#### Provided data ####

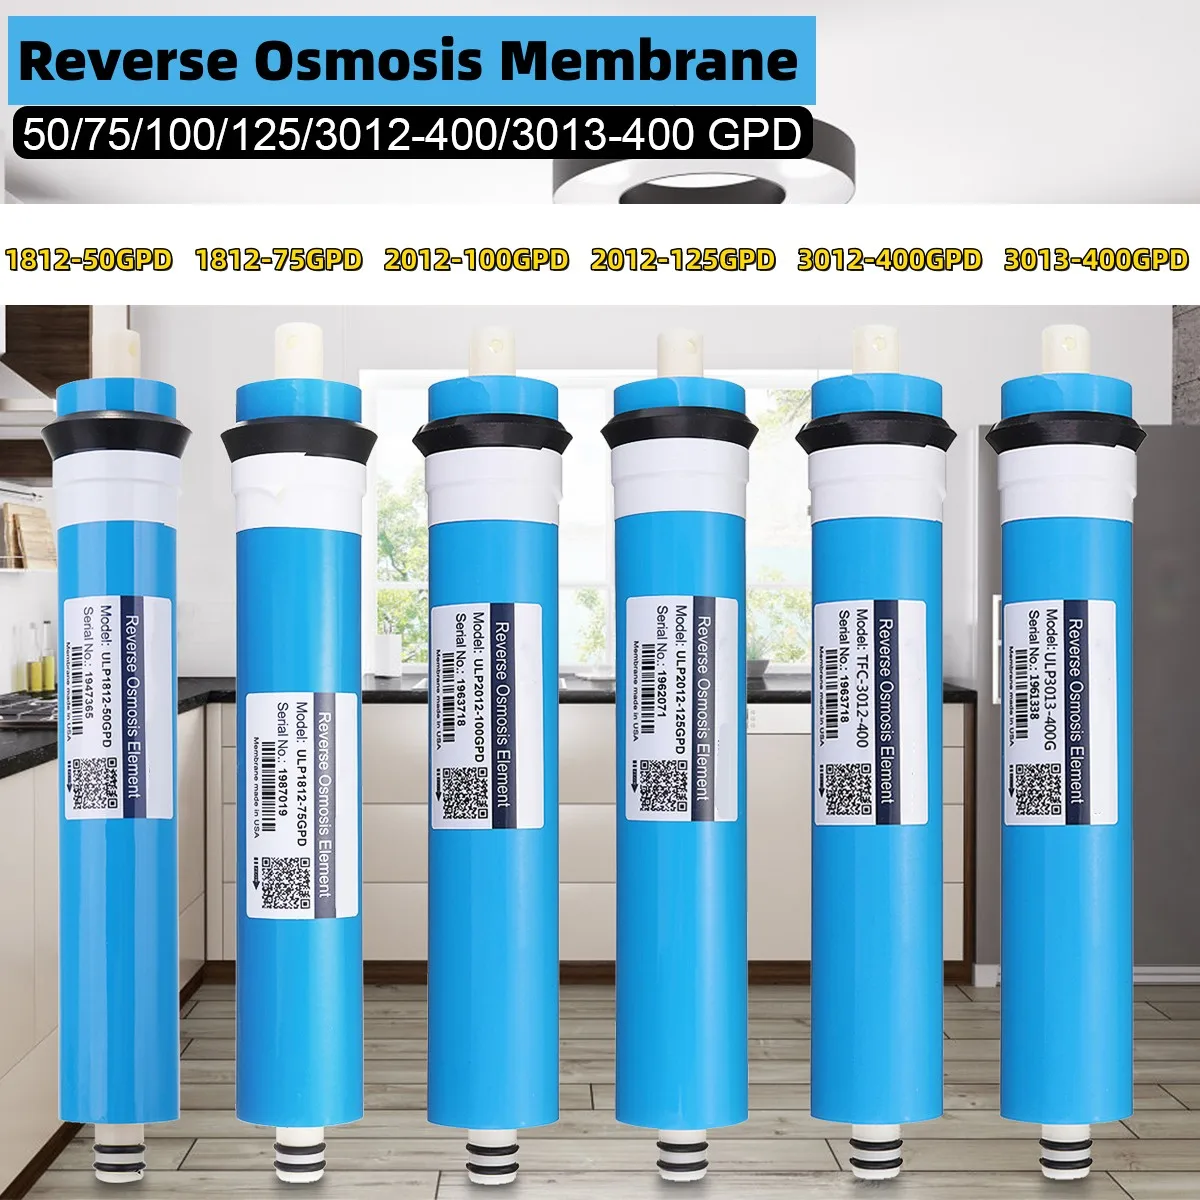 50/75/100/125/400GPD Home Kitchen Reverse Osmosis RO Membrane Replacement Water System Filter Purifier Water Drinking Treatment
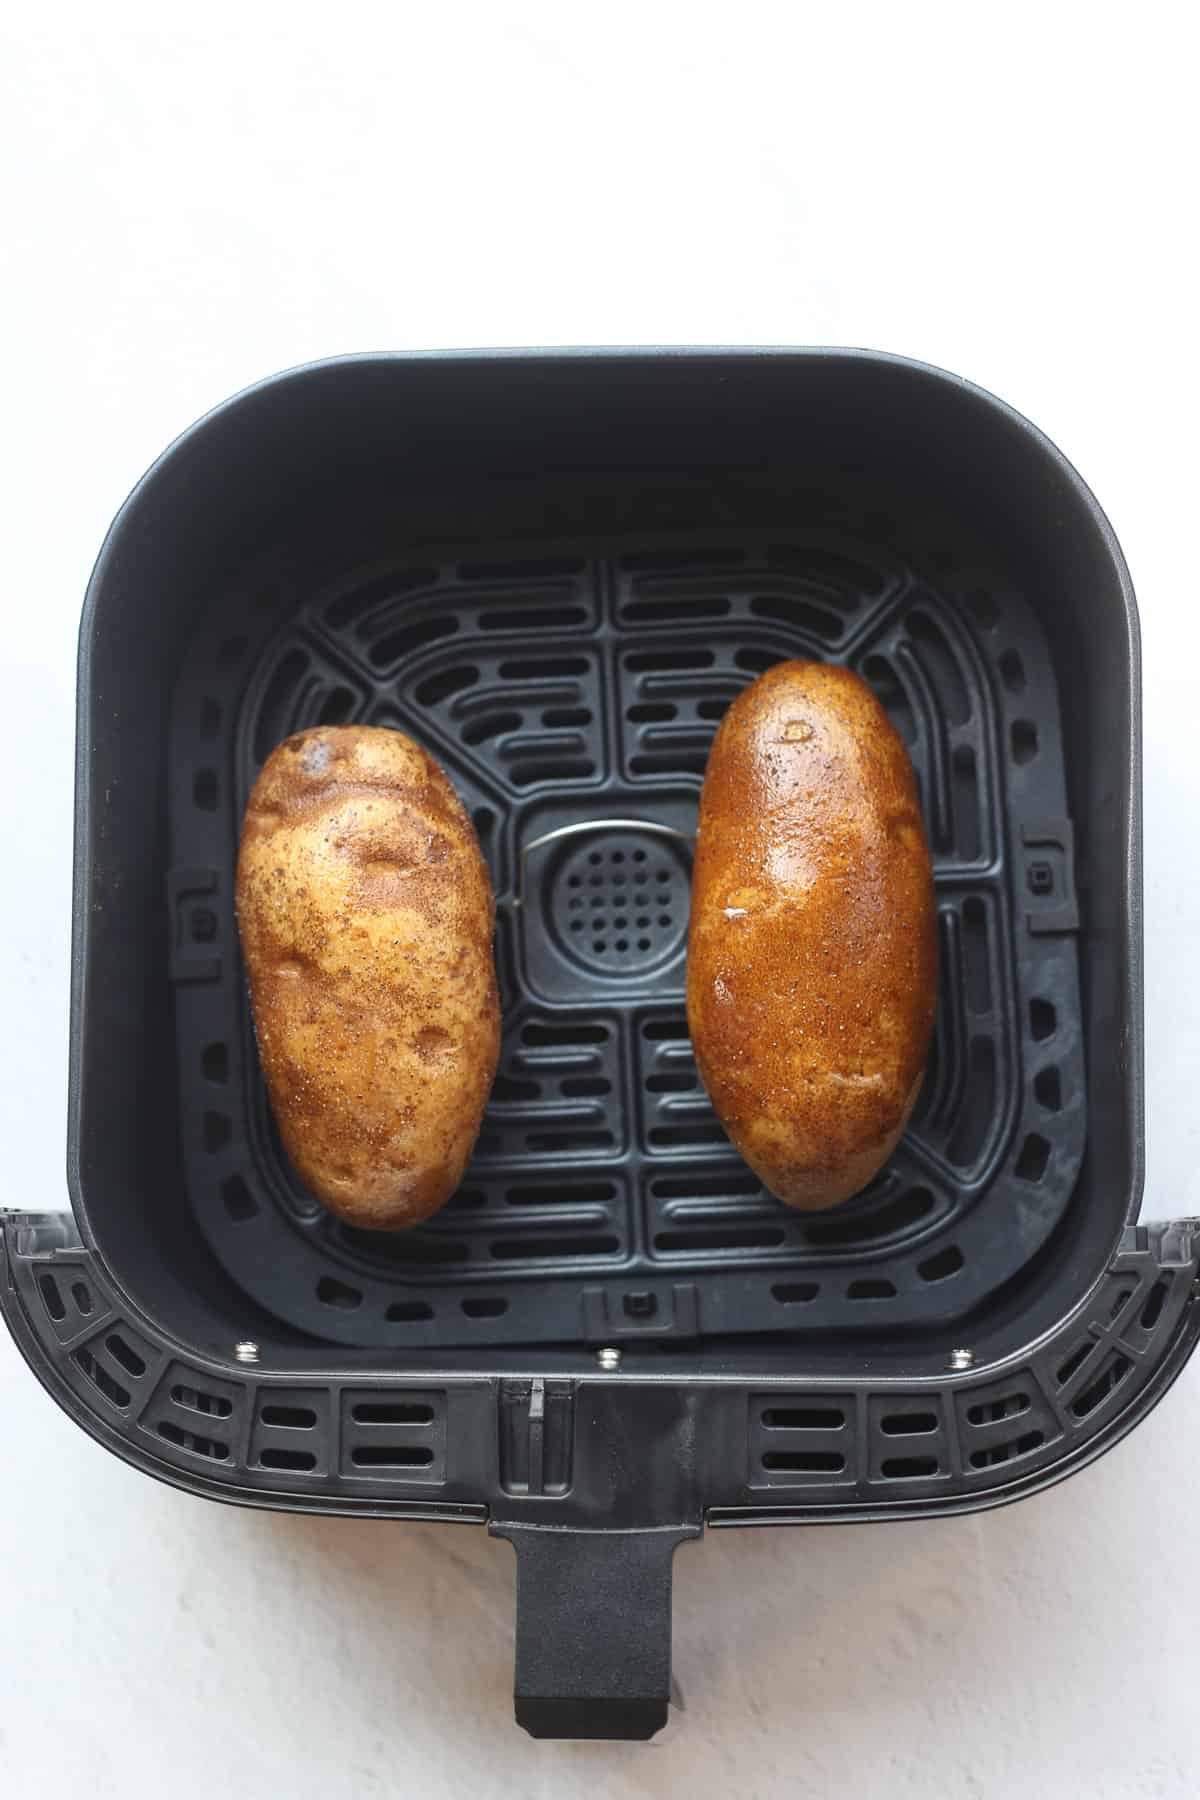 Two russet potatoes in the air fryer. 
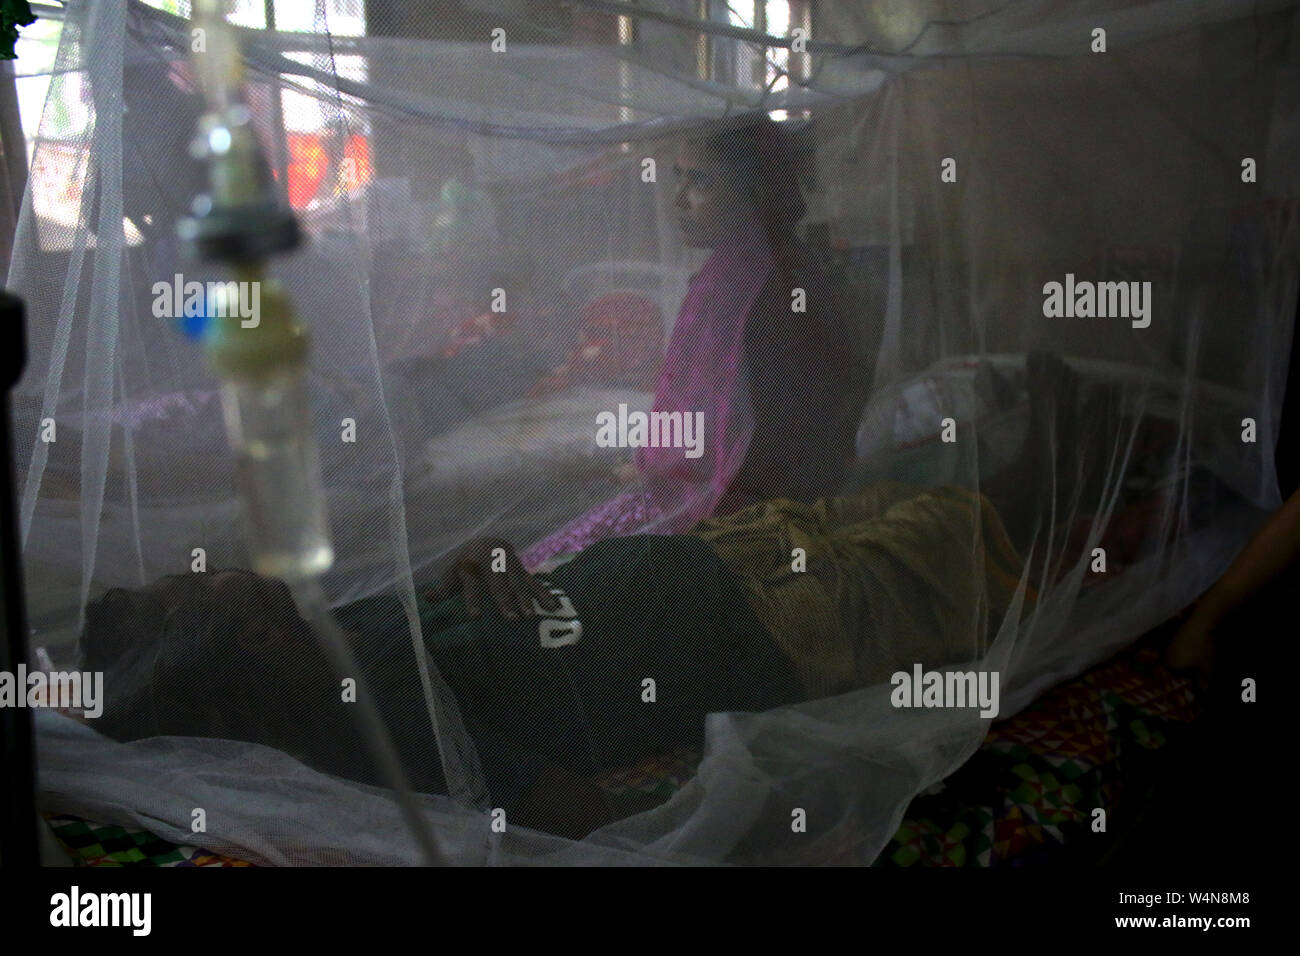 To help fight spread of Dengue fever, mosquito nets have been put up in a ward at the city's Shaheed Suhrawardy Medical Hospital.Cases of Dengue infections have been on the rise, particularly in the capital since March this year. Stock Photo
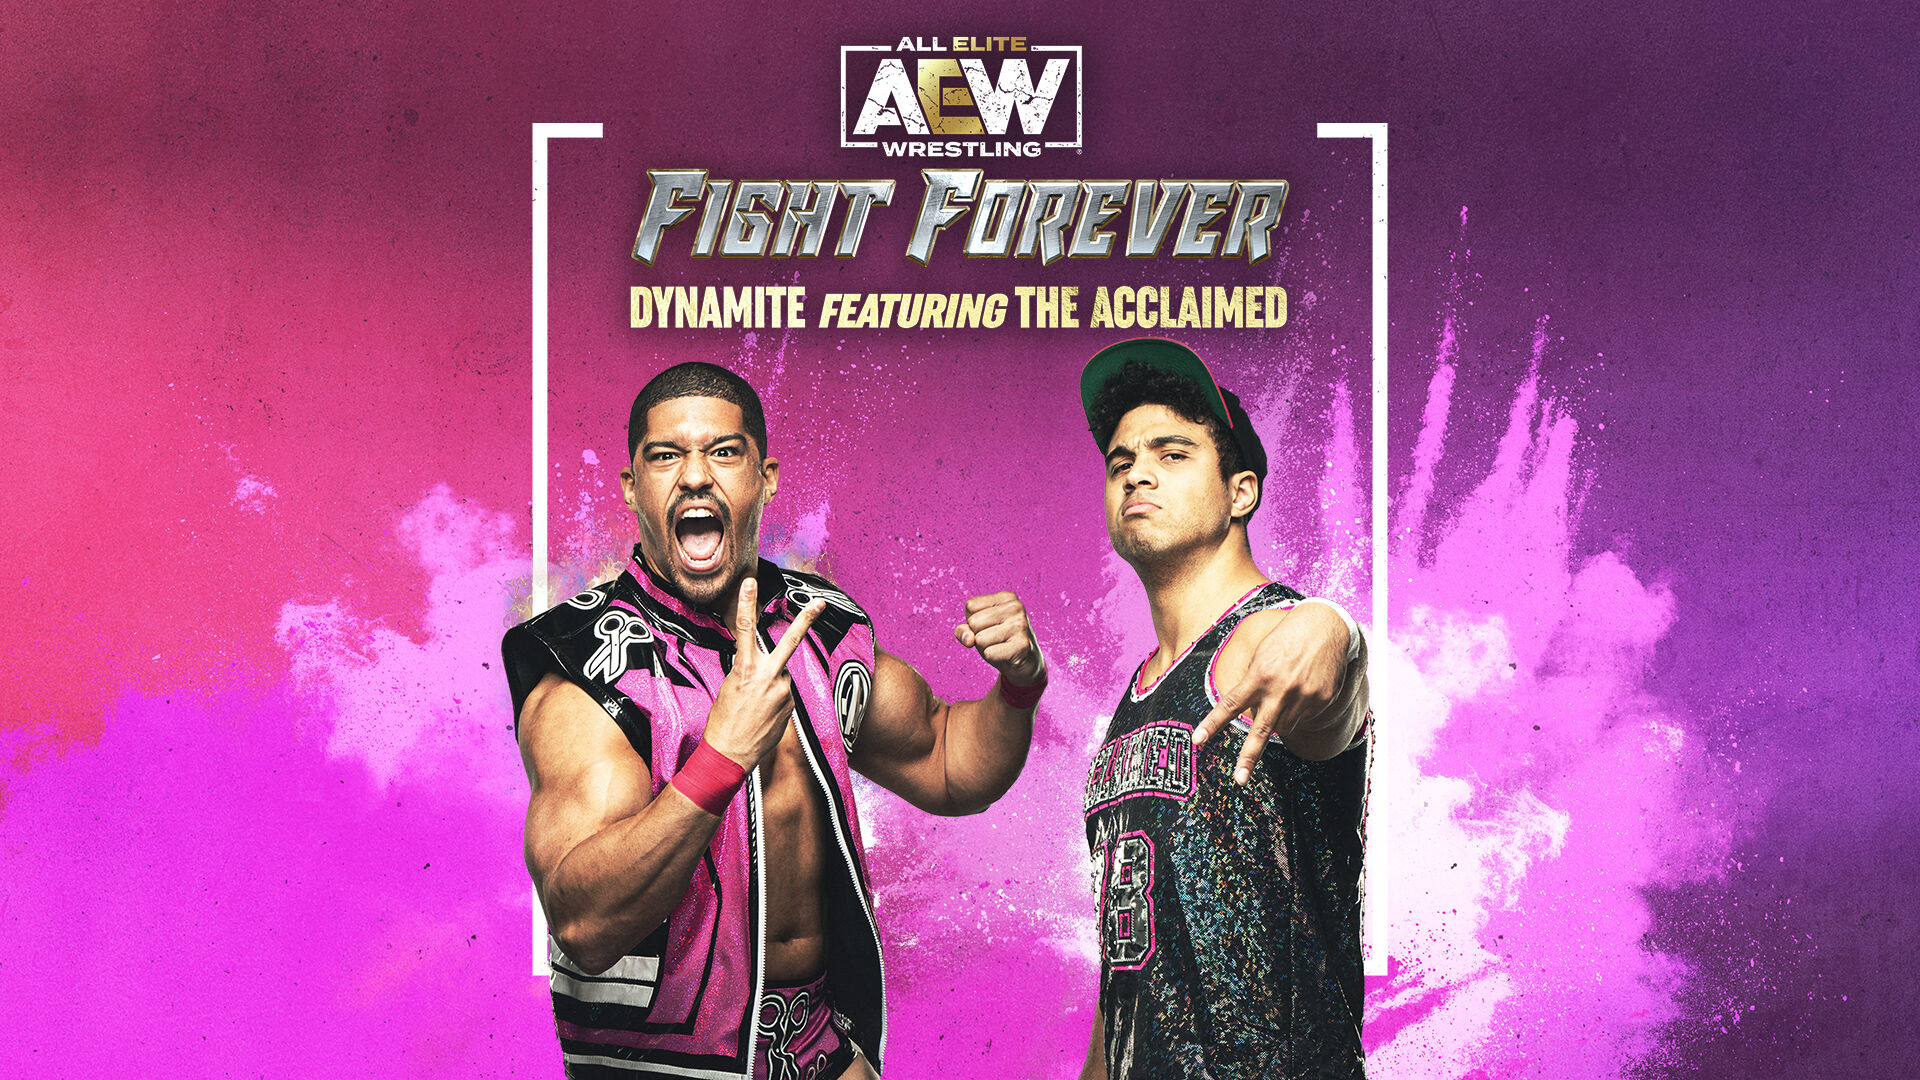 AEW: Fight Forever Dynamite featuring The Acclaimed | My Nintendo

####

I would like the data copied exactly as it stands, with no pictures included.

### Expected output
 50/75/100/125/400GPD Home Kitchen Reverse Osmosis RO Membrane Replacement Water System Filter Purifier Water Drinking Treatment
 Two russet potatoes in the air fryer. 
 To help fight spread of Dengue fever, mosquito nets have been put up in a ward at the city's Shaheed Suhrawardy Medical Hospital.Cases of Dengue infections have been on the rise, particularly in the capital since March this year. Stock Photo
 AEW: Fight Forever Dynamite featuring The Acclaimed | My Nintendo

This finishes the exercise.